Let us recognize that no American garment, no American leisure accessory, no American piece of footwear, is so prevalent and redolent. Let us agree that of all the things we have packed in our closets, none is so revered as our old Air Jordans, or our Converse All Stars, or our Stan Smith Adidas. And let us also acknowledge that today, when Americans of any age, even older ones who remember Dean Martin and Carol Richards, use the phrase “the old soft shoe,” we no longer are referring to a tap dance. We’re talking about the sneakers we gave away to Goodwill. They were probably high-tops, and we wish we still had them.

So if it is not unusual that we stow old sneakers under the bed, and if it is not shocking that Carnegie Mellon University has had a student-run course on sneaker culture (Sneakerology 101) since 2008, and if is not remarkable that women have been commuting to the commanding heights of industry and law in sneakers for a generation, then we should not be surprised that here in Toledo, a distinguished art museum, which owns works by Rubens, Rembrandt and El Greco, is playing host to an exhibit on sneaker art and culture. It originated at the Brooklyn Museum, is at the Toledo Museum of Art through the end of the month, and then moves to the High Museum of Art in Atlanta and to the Speed Art Museum in Louisville.

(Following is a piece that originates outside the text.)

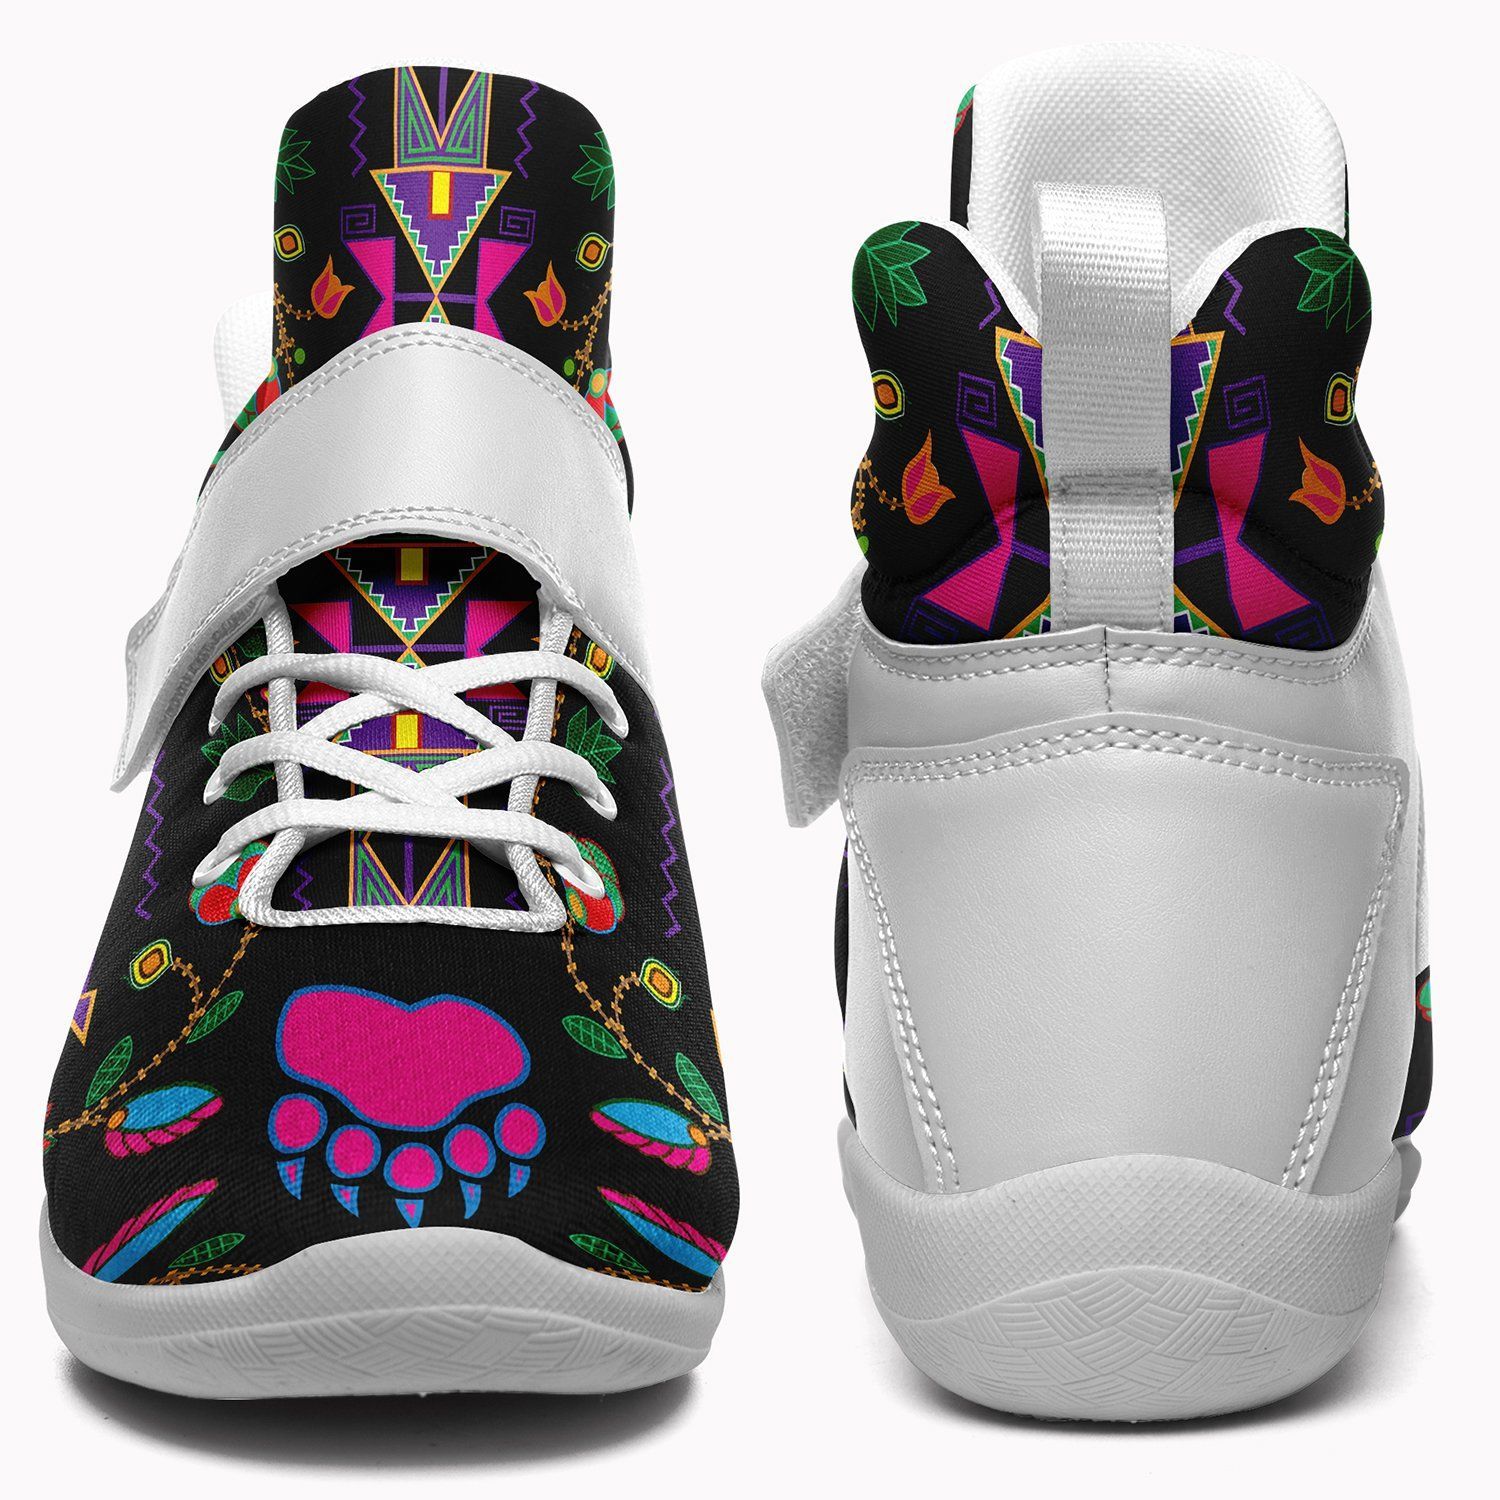 Geometric Floral Fall Black Ipottaa Basketball / Sport High Top Shoes - White Sole 49 Dzine 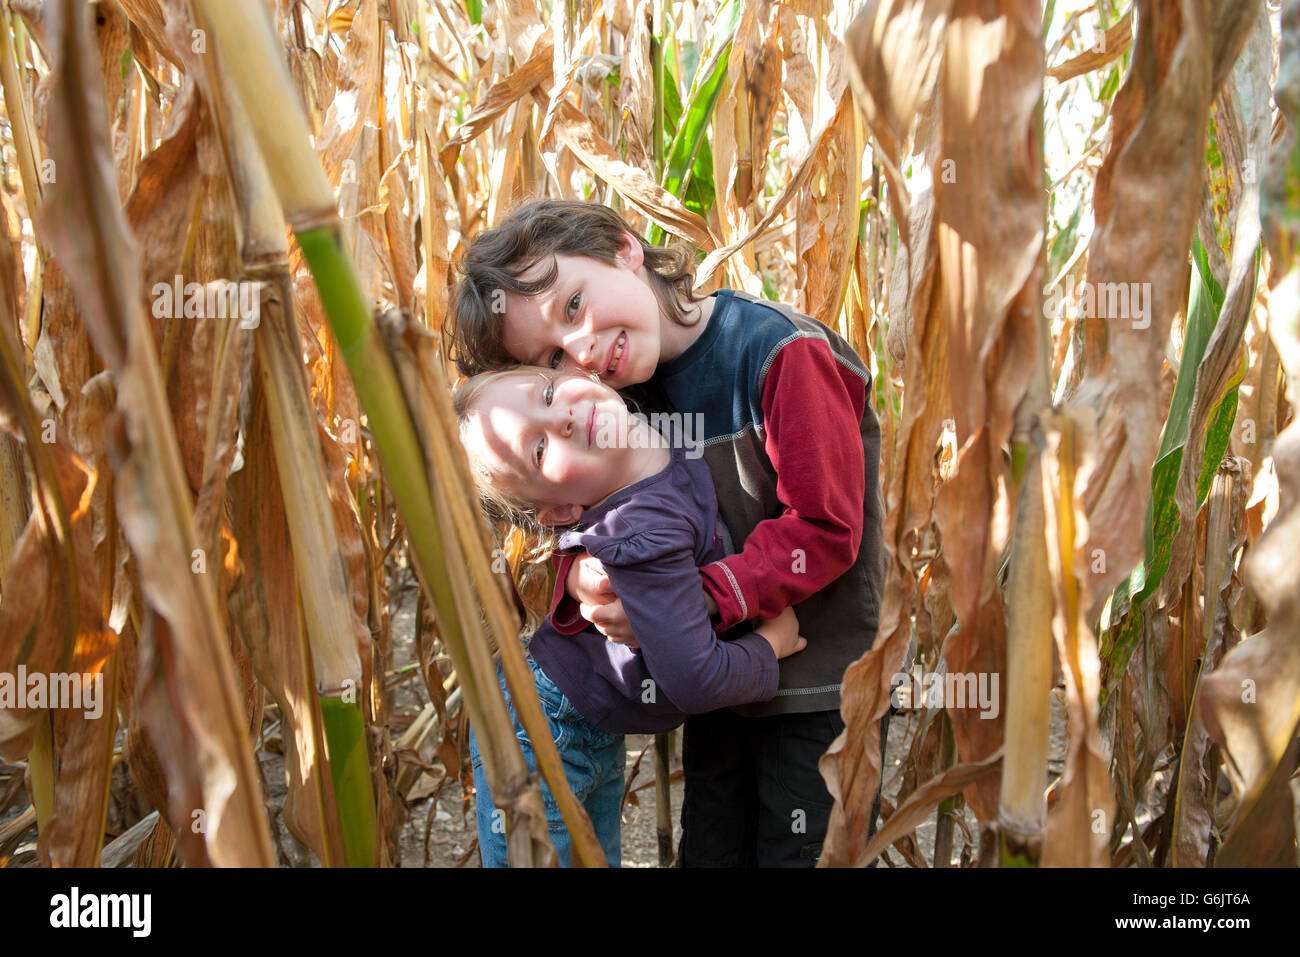 Young siblings embracing in cornfield, portrait Stock Photo

Take the Sneaker Walk – please don’t blame the museum for that phrase, for it’s irresistible – and you will take a stroll through sneaker nostalgia, sneaker technology, sneaker art and sneaker fashion. You’ll learn that Jesse Owens wore a bespoke pair of Gebruder Dassler Schuhfabrik shoes, named for the German national track coach, when he won four gold medals at the 1936 Olympic Games in Berlin, and that the 1974 Nike Waffle Trainer, constructed of nylon uppers and cushioned insoles, was fashioned by the waffle iron owned by the designer’s wife. And you’ll be reminded that the watershed moment in sneaker history may have come in the 1980s with the first Air Jordans. (Michael wore those shoes while scoring 63 points in a single 1986 NBA Playoff game – and was fined $5,000 because his red and black shoes didn’t conform with league strictures requiring white shoes.)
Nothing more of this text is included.